# HOMEWORK 6: TEXT CLASSIFICATION
In this homework, you will create models to classify texts from TRUE call-center. There are two classification tasks:
1. Action Classification: Identify which action the customer would like to take (e.g. enquire, report, cancle)
2. Object Classification: Identify which object the customer is referring to (e.g. payment, truemoney, internet, roaming)

We will focus only on the Object Classification task for this homework.

In this homework, you are asked compare different text classification models in terms of accuracy and inference time.

You will need to build 3 different models.

1. A model based on tf-idf
2. A model based on MUSE
3. A model based on wangchanBERTa

**You will be ask to submit 3 different files (.pdf from .ipynb) that does the 3 different models. Finally, answer the accuracy and runtime numbers in MCV.**

This homework is quite free form, and your answer may vary. We hope that the processing during the course of this assignment will make you think more about the design choices in text classification.

In [1]:
# !wget --no-check-certificate https://www.dropbox.com/s/37u83g55p19kvrl/clean-phone-data-for-students.csv
# !pip install pythainlp

In [2]:
# Install transformers and thai2transformers
!pip install wandb
!pip install -q transformers==4.30.1 datasets evaluate thaixtransformers
!pip install -q emoji pythainlp sefr_cut tinydb seqeval sentencepiece pydantic jsonlines
!pip install peft==0.10.0



## Import libs for WangChanberta

In [3]:
%matplotlib inline

import numpy as np
import pandas as pd
import matplotlib.pyplot as plt
import sklearn
import torch
import pickle
from collections import defaultdict
from functools import partial
from tqdm.auto import tqdm
from IPython.display import display
from sklearn.metrics import accuracy_score
from sklearn.model_selection import train_test_split
from torch.utils.data import Dataset
from transformers import (
    AutoModel,
    AutoModelForMaskedLM,
    AutoModelForSequenceClassification,
    AutoModelForTokenClassification,
    AutoTokenizer,
    CamembertTokenizer,
    Trainer,
    TrainingArguments,
    pipeline,
)
from datasets import Dataset, DatasetDict
from thaixtransformers import Tokenizer
from thaixtransformers.preprocess import process_transformers

from transformers import DataCollatorWithPadding
import evaluate

# Set random seed for reproducibility
np.random.seed(42)


2025-02-14 19:50:21.935838: I tensorflow/core/util/port.cc:153] oneDNN custom operations are on. You may see slightly different numerical results due to floating-point round-off errors from different computation orders. To turn them off, set the environment variable `TF_ENABLE_ONEDNN_OPTS=0`.
2025-02-14 19:50:21.950874: E external/local_xla/xla/stream_executor/cuda/cuda_fft.cc:477] Unable to register cuFFT factory: Attempting to register factory for plugin cuFFT when one has already been registered
E0000 00:00:1739537421.965715  100291 cuda_dnn.cc:8310] Unable to register cuDNN factory: Attempting to register factory for plugin cuDNN when one has already been registered
E0000 00:00:1739537421.969564  100291 cuda_blas.cc:1418] Unable to register cuBLAS factory: Attempting to register factory for plugin cuBLAS when one has already been registered
2025-02-14 19:50:21.985718: I tensorflow/core/platform/cpu_feature_guard.cc:210] This TensorFlow binary is optimized to use available CPU instr

# Model 3 WangchanBERTa

We ask you to train a WangchanBERTa-based model.

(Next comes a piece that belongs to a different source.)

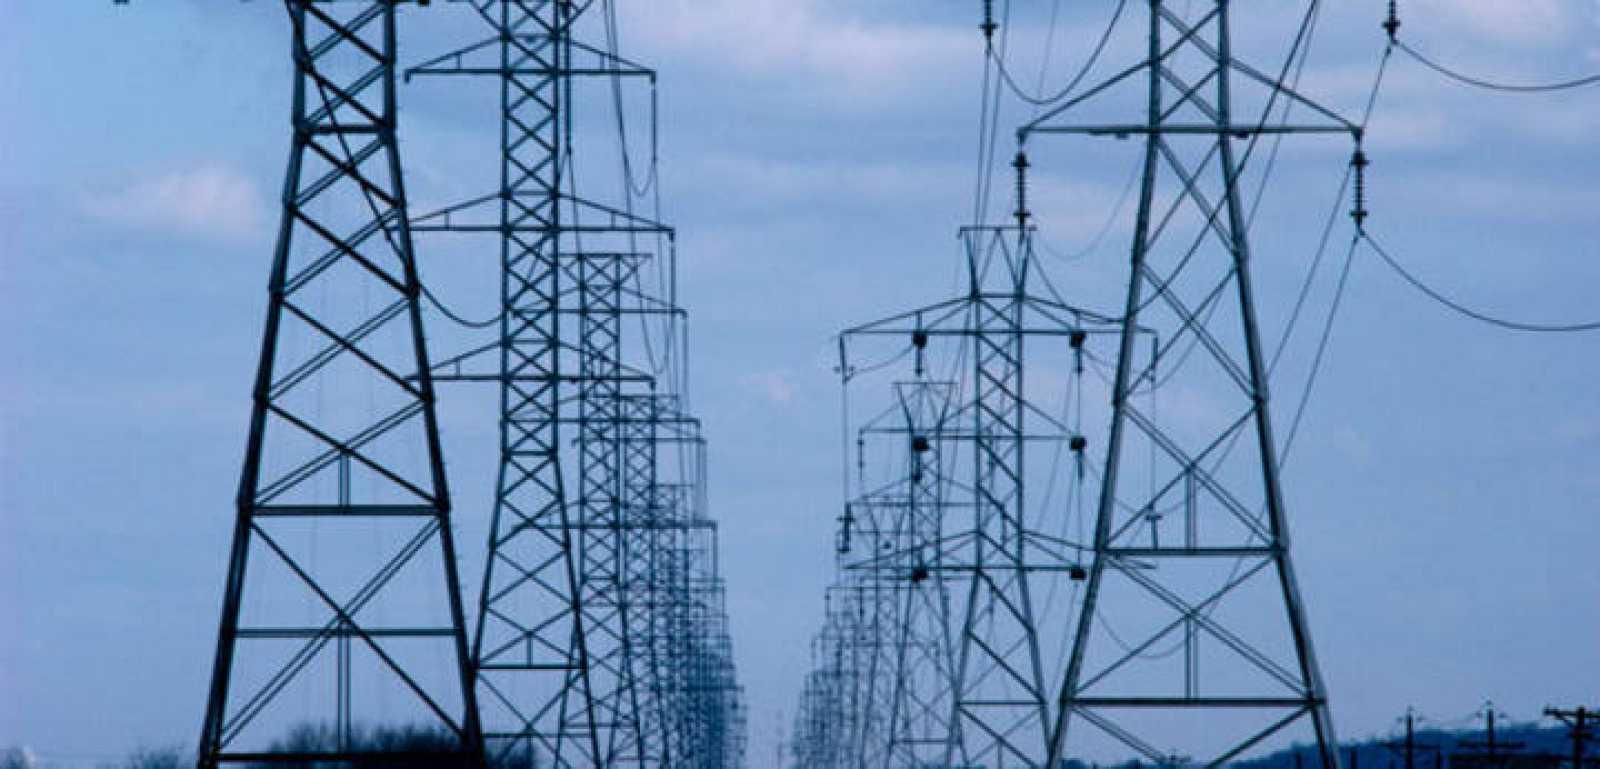 Torres de un tendido eléctrico de alta tensión

We recommend you use the thaixtransformers fork (which we used in the PoS homework).
https://github.com/PyThaiNLP/thaixtransformers

The structure of the code will be very similar to the PoS homework. You will also find the huggingface [tutorial](https://huggingface.co/docs/transformers/en/tasks/sequence_classification) useful. Or you can also add a softmax layer by yourself just like in the previous homework.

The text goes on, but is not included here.